::: STORED DATA :::

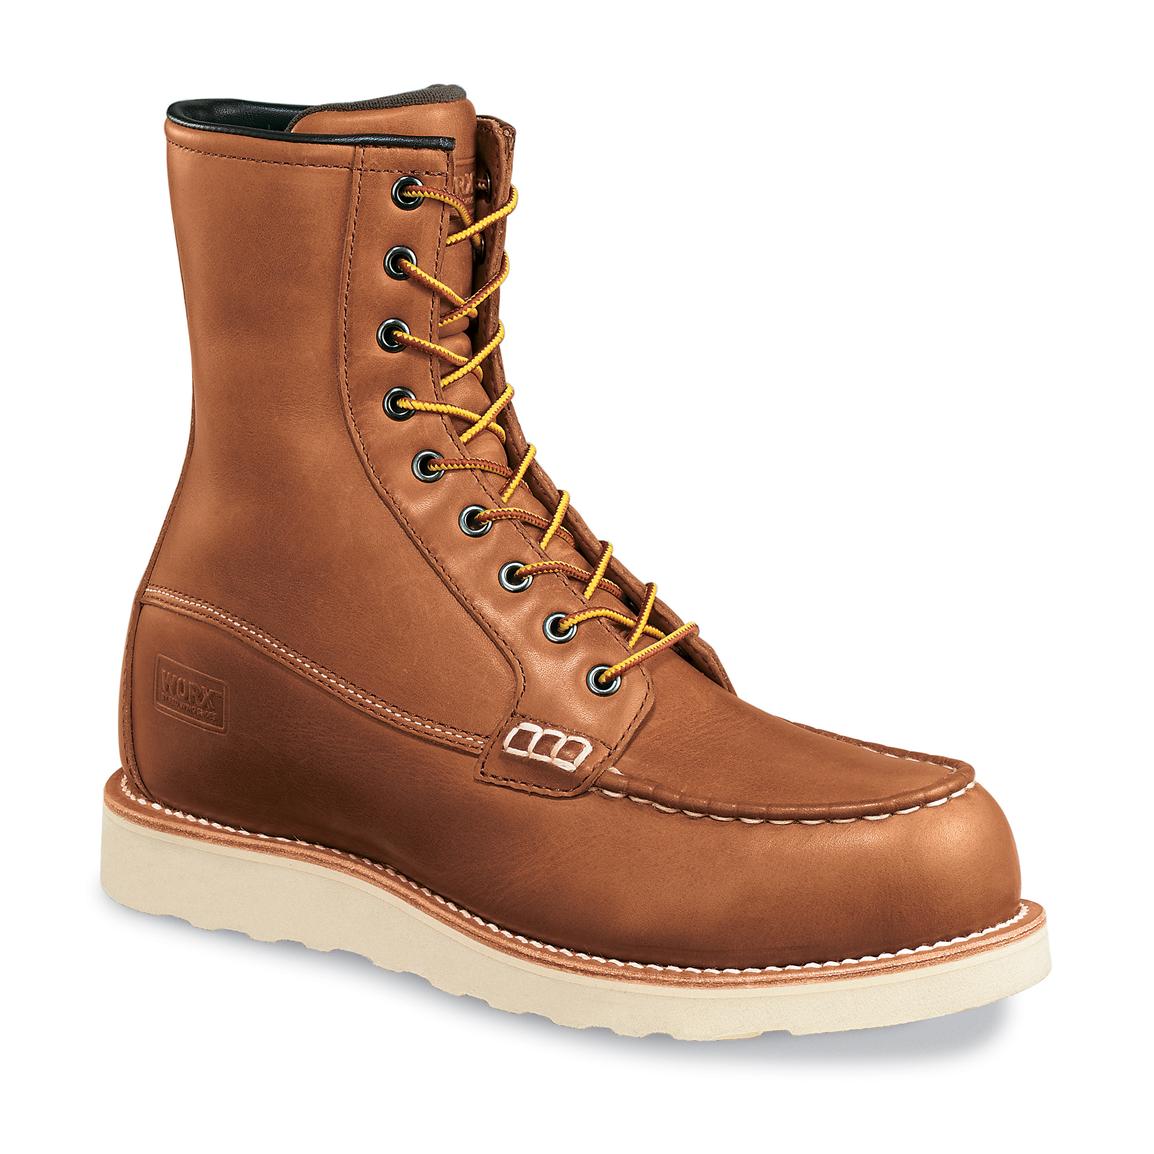 Red Wing Steel Toe Rubber Boots - www.inf-inet.com
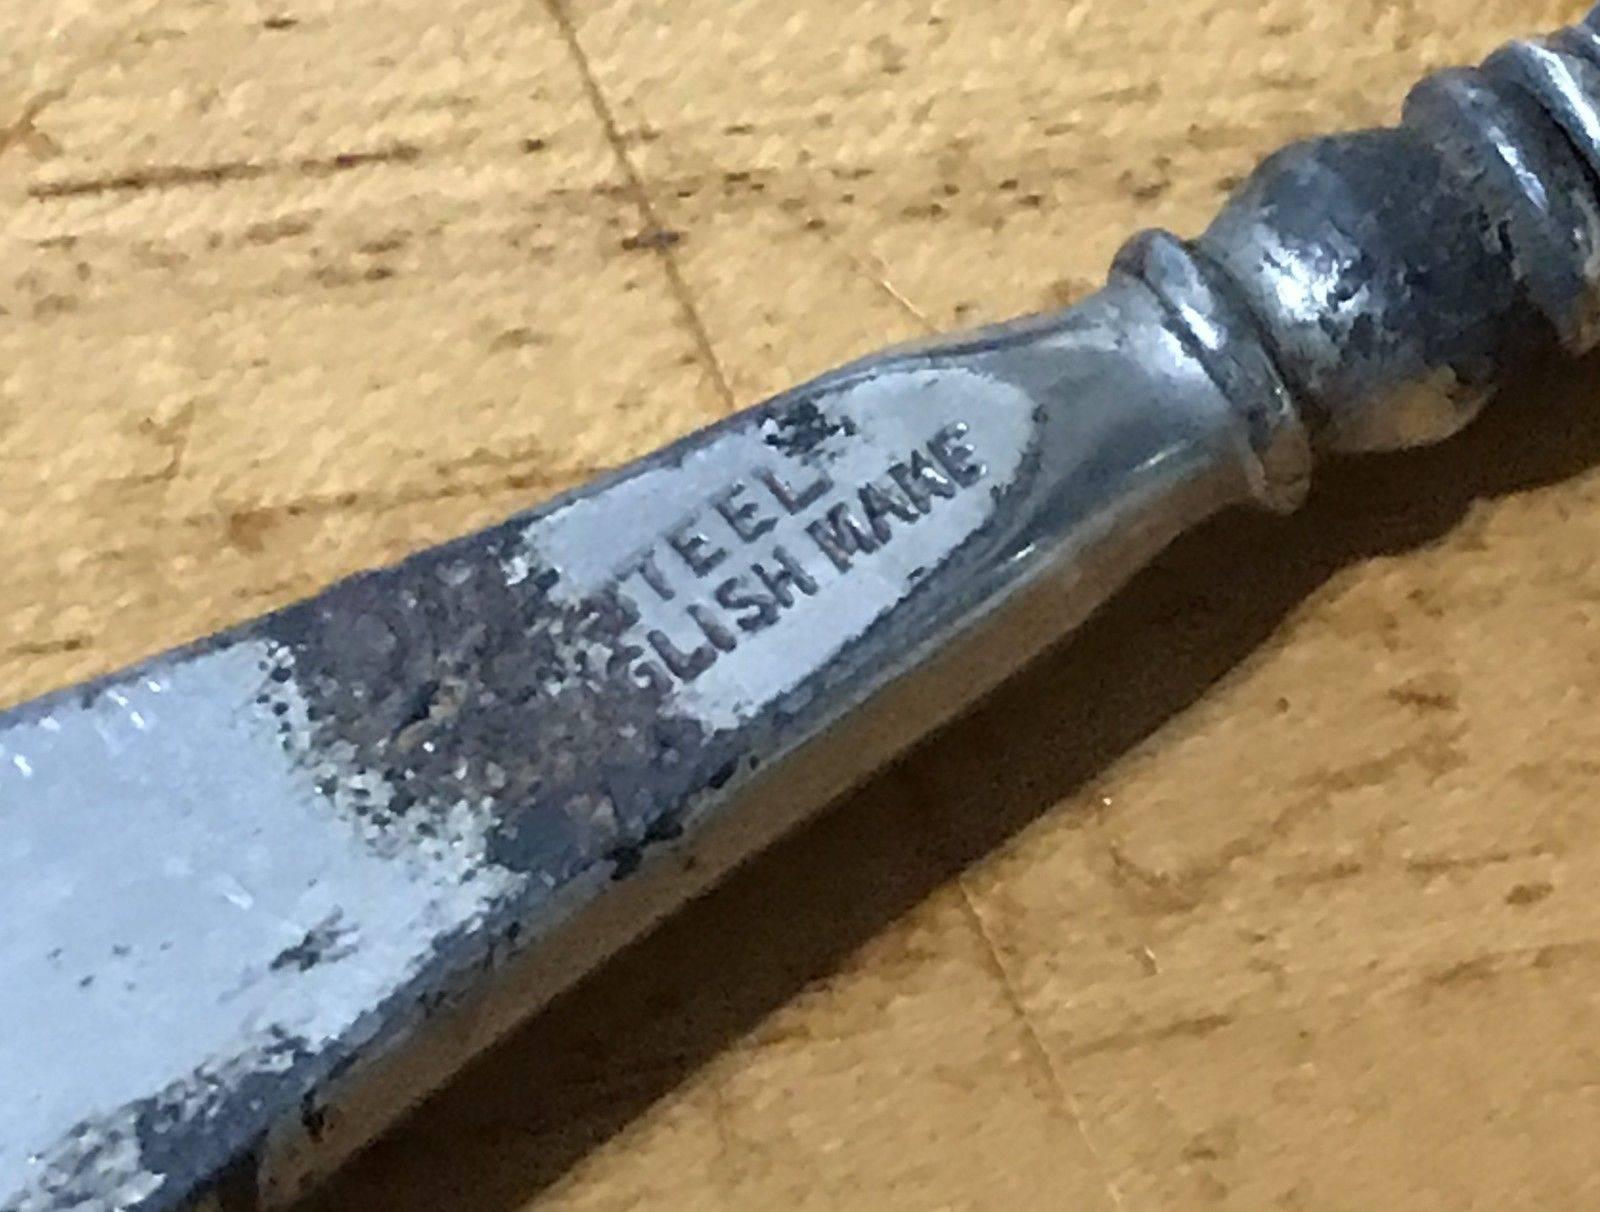 We are delighted to offer for sale for lovely 1919 sterling silver handled shoe horn

Fully hallmarked with the anchor for Birmingham, the letter U for 1919 and the lion for sterling, the makers mark is W&H for Walker and Hall

The handle is in
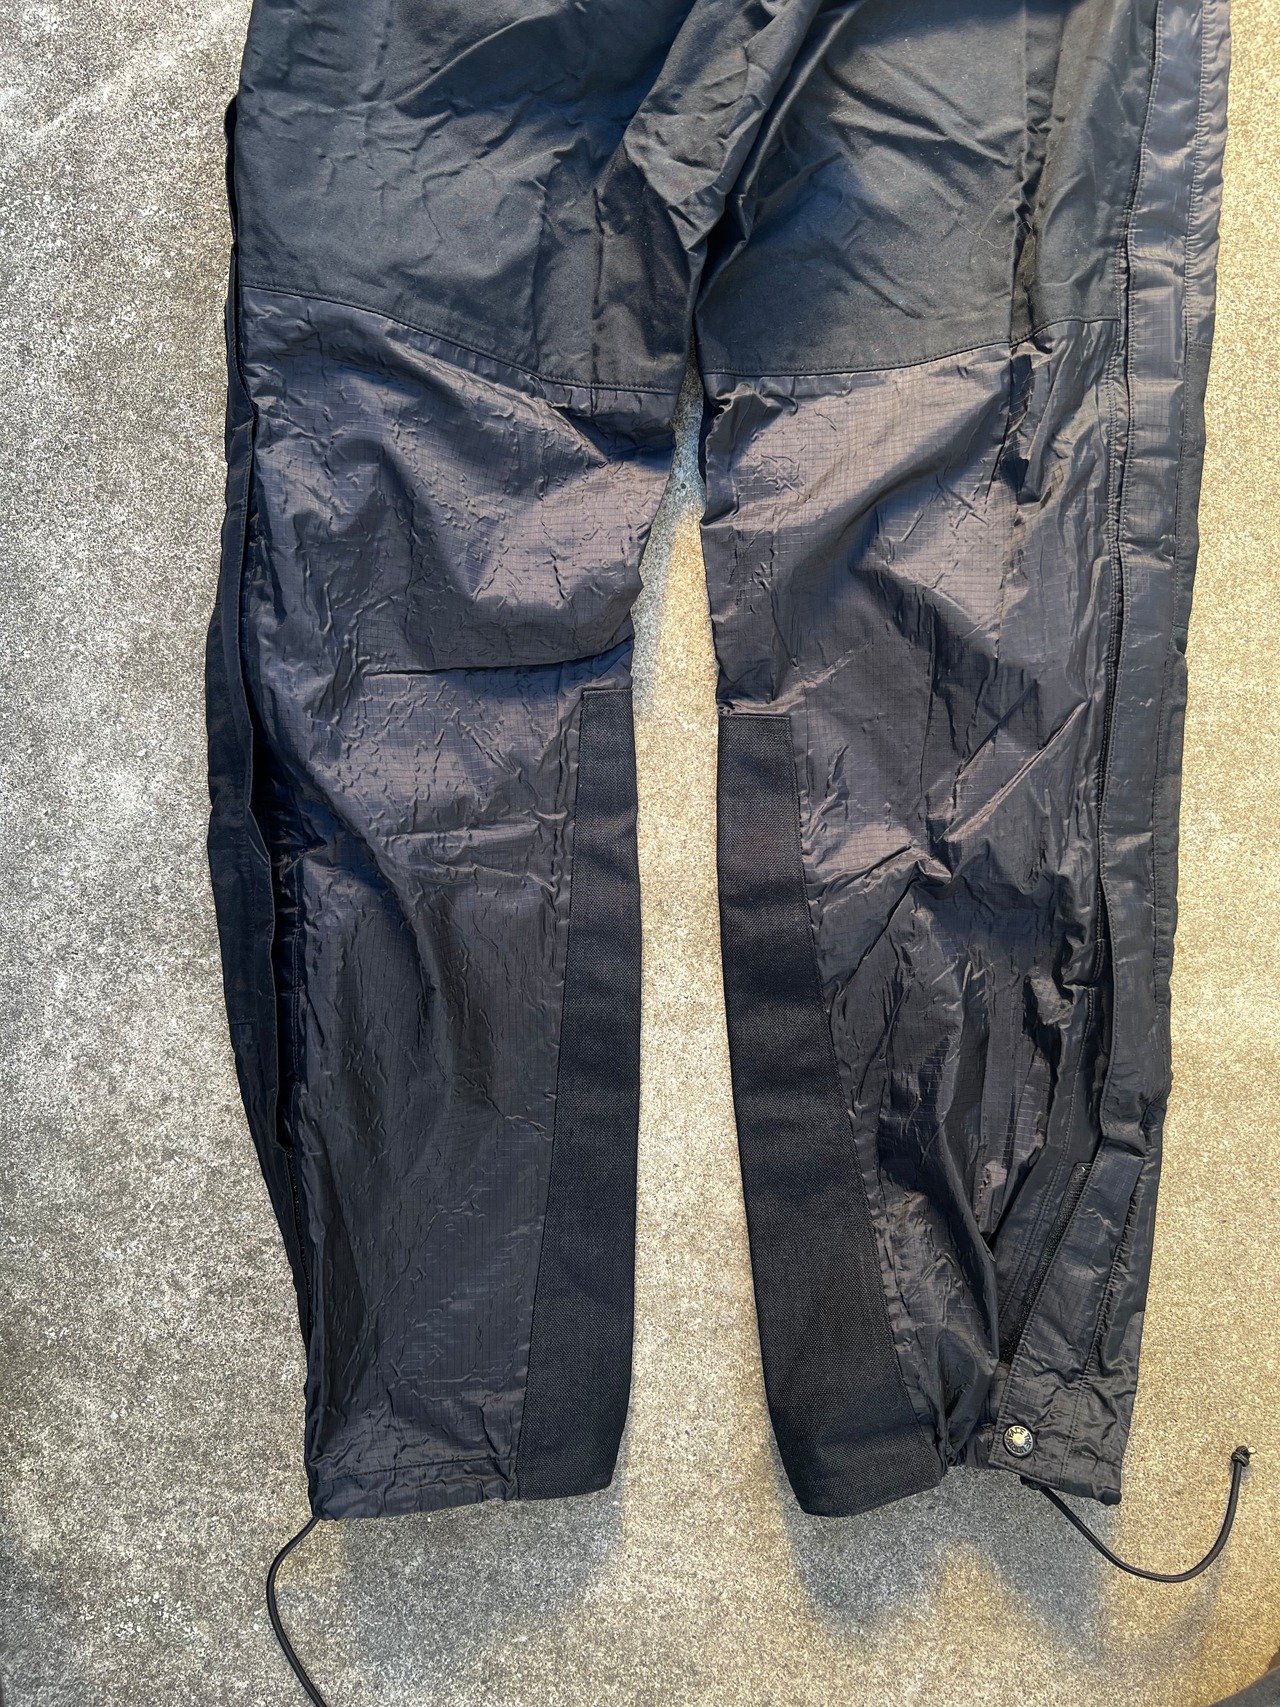 1980-90s The North Face Double Knee Shell Trouser

:::

TASK TO CARRY OUT » The entries are to be transcribed in full. Their pictures are not.

EXERCISE OUTPUT »
 Red Wing Steel Toe Rubber Boots - www.inf-inet.com
 We are delighted to offer for sale for lovely 1919 sterling silver handled shoe horn

Fully hallmarked with the anchor for Birmingham, the letter U for 1919 and the lion for sterling, the makers mark is W&H for Walker and Hall

The handle is in
 1980-90s The North Face Double Knee Shell Trouser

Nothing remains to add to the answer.